In view of Iran’s massive military build-up with US assistance and the close ties that exist between it and Pakistan, Peking could have sought at least a temporary solution of its predicament by encouraging the army to seize power if only it was assured that the Generals could hold the country together without frequent and excessive use of force. But another military coup in Pakistan can only exacerbate the existing tensions between Punjab on the one hand and Sind, Baluchistan and the NWFP on the other.

 

Ridiculous

It would be ridiculous to draw a parallel between Bangladesh and the minority provinces in present-day Pakistan. All of them are politically and ethnically fragmented. The Urdu-speaking people account for well over 40 per cent of the population in Sind. The Baluchis still think in tribal terms and cannot be said to constitute a homogeneous entity. In the NWFP, too, the Punjabi-speaking people constitute a sizable and influential community. Unlike Bangladesh these provinces are not cut off from the heartland of Pakistan. The pertinent point, however, is that a Pakistan beset with serious internal problems cannot play the role Peking would like it to.
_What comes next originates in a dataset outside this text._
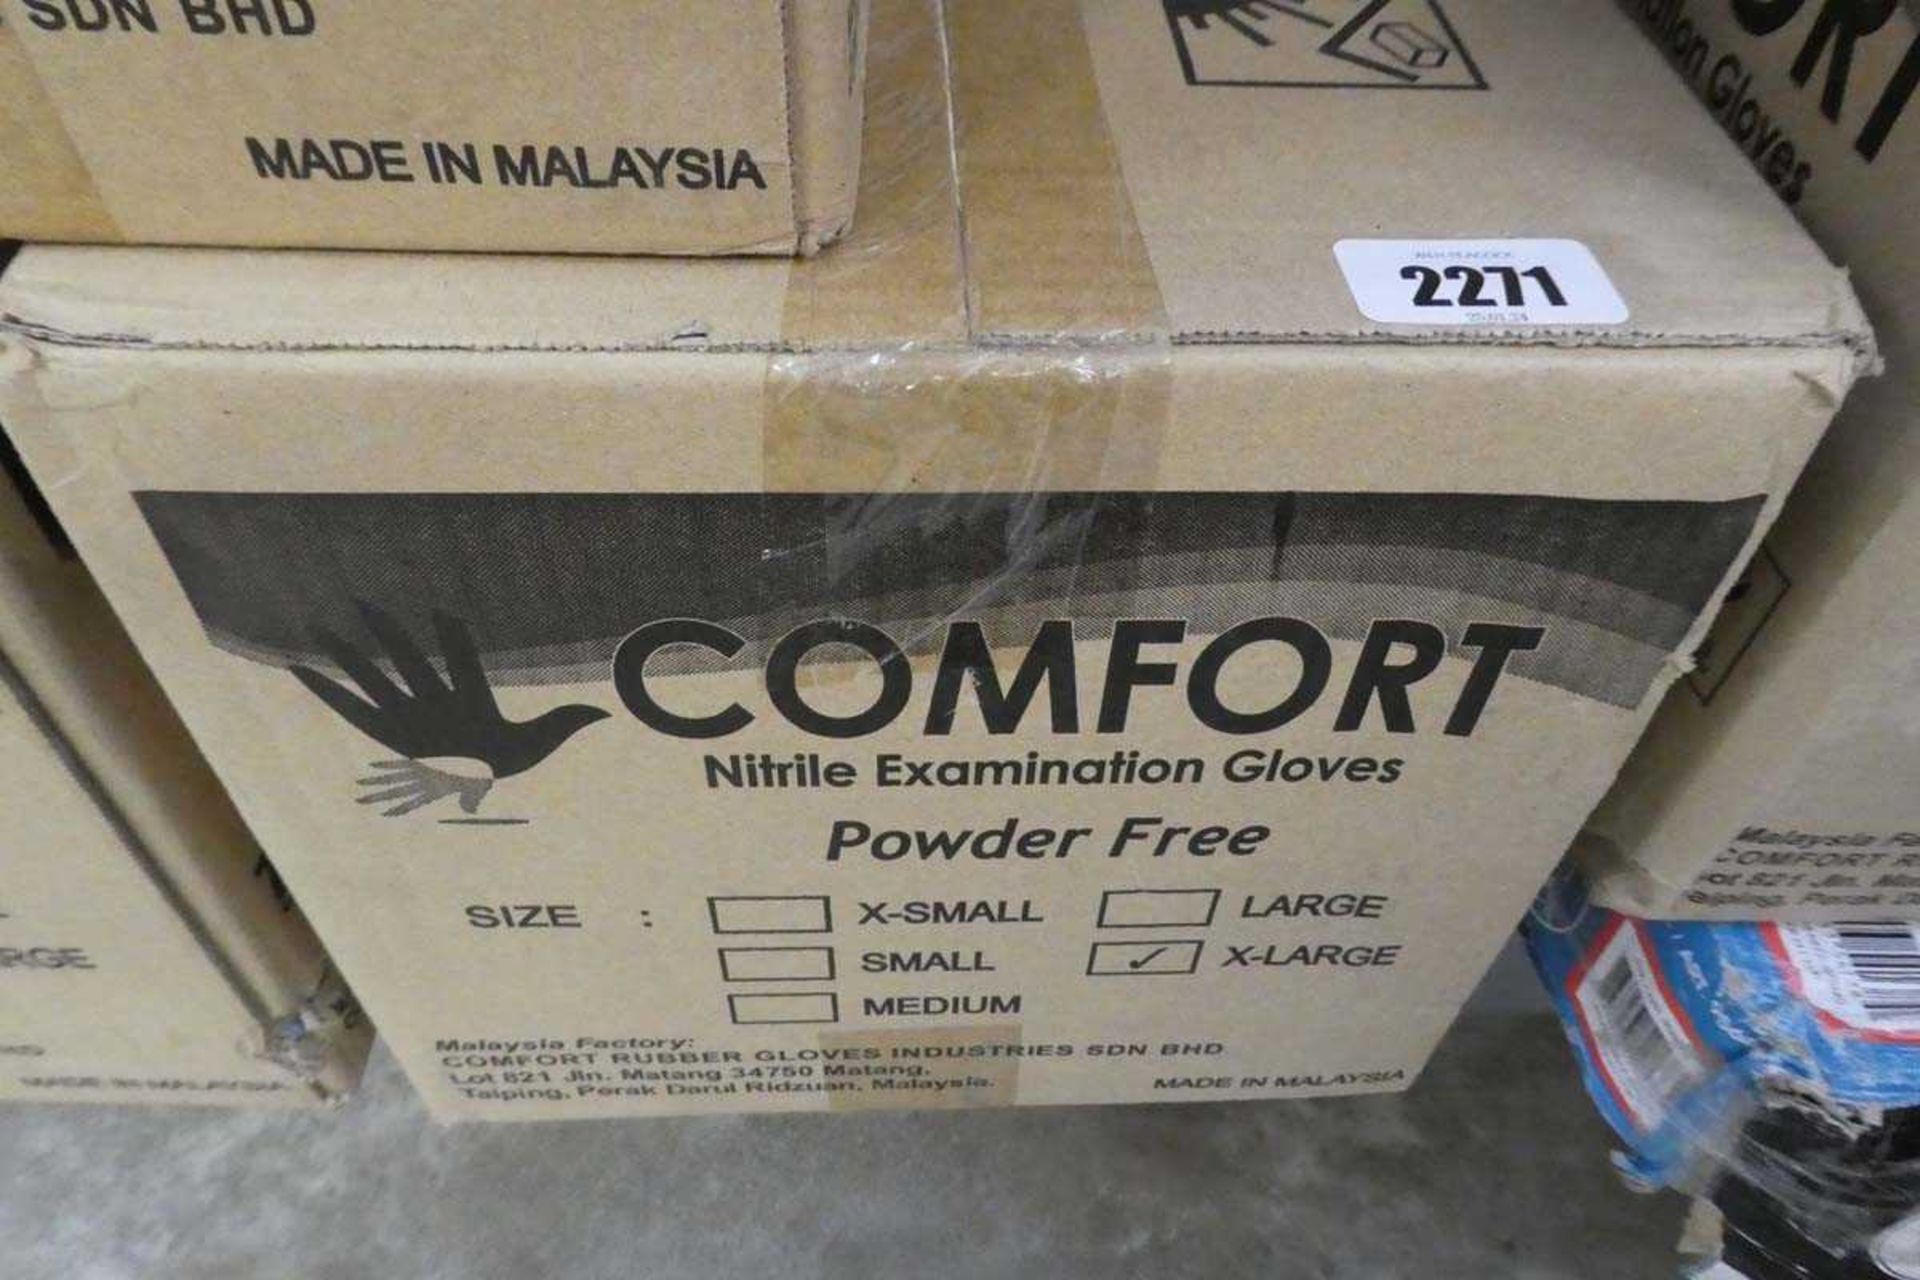 Box containing 10 packs of Comfort Nitrile powder-free disposable gloves (size XL)

If this assessment is not too wide off the mark, the obvious inference is Peking will be interested in normalising relations with this country once the Pakistani prisoners- of-war have gone back. This view is subject to the twin qualifications that the Chinese, on their part, do not underestimate this country’s capacity to run its own affairs and New Delhi, on its part, takes some steps which can convince them that it means what it says.

It is difficult to assess the significance of the first qualification because we just do not know the Chinese leaders’ estimate of the Indian leadership. All that can be said is that they will be making a serious mistake if they base their judgement on their own experience because ideological questions, which are inevitably involved in relations between two communist regimes and influence the domestic debate on foreign policy, are absent in a non-communist government’s dealings with others.

But be that as it may, New Delhi has nothing to lose by taking certain steps which can dissipate Chinese doubts, real or feigned, regarding its intentions. This need not and must not detract from its treaty with the Soviet Union.